Data feeds. Chatbots. Servers and software in the sky. It all can seem, as Burke says, “kind of out there, kind of ‘Star Trek.’ ” But these direct selling executives say it all helps their companies create the most important thing they can offer their customers: personalized experiences that feel low-maintenance because they’re so high-tech. Experts call it the Amazon effect. “Amazon just really made it stupid simple,” Noot says. “You push one button or two buttons and you’re done.”
We want to be able to buy clothing, housewares and services from our mobile phones while we wait at the curb to pick up the groceries we ordered online. And we want our web-based merchants to remember who we are, know what we like, tell us what we might also like, and remember how we pay. “Direct selling companies that do not to have a website that personalizes experiences will be at a disadvantage,” Ajjan says.
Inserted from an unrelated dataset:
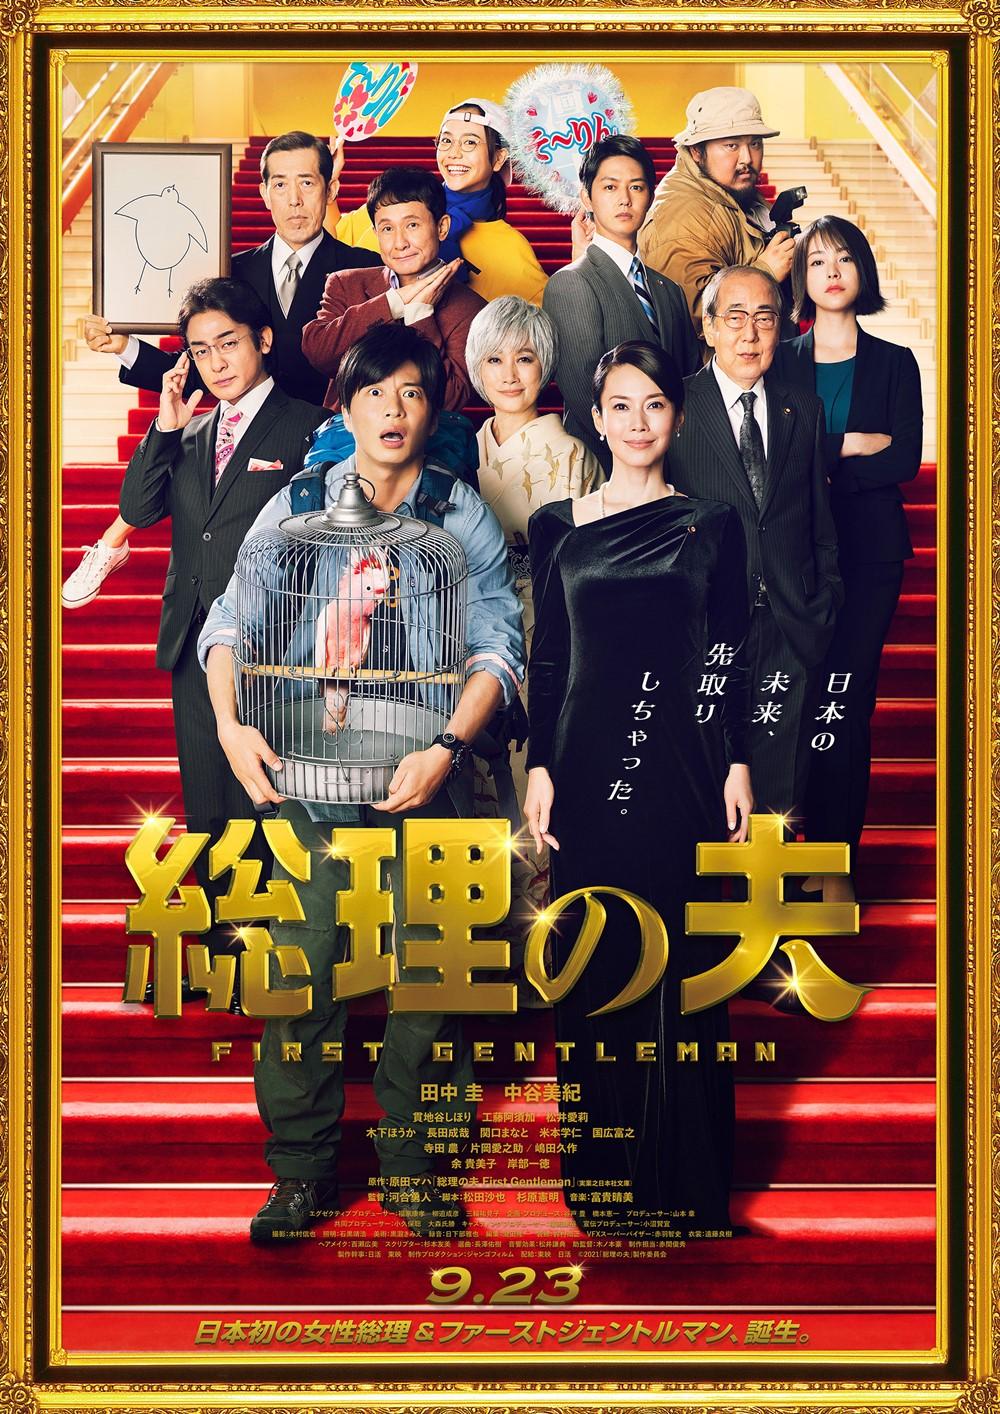 【画像】映画『総理の夫』ポスタービジュアル

Direct selling companies are investing heavily in technology and expertise to make sure to meet customer expectations and stay competitive within the channel and within the general marketplace. Ambit spends 95 percent of its capital expenditure budget on technology, Thompson says. USANA employs hundreds of IT people, Noot says, and its technology expenditures fall in the “sales general and administrative expenses“ category, which saw an increase of nearly $7 million in the third quarter of 2017, compared with the same quarter in 2016. Overall from 2015 to 2016, USANA’s expenses in that category rose by $25 million.
One thing seems certain—operating successfully within this new landscape of digital transformation requires a high level of awareness and commitment on the part of company executives. Is your company prepared to compete in the DX Economy?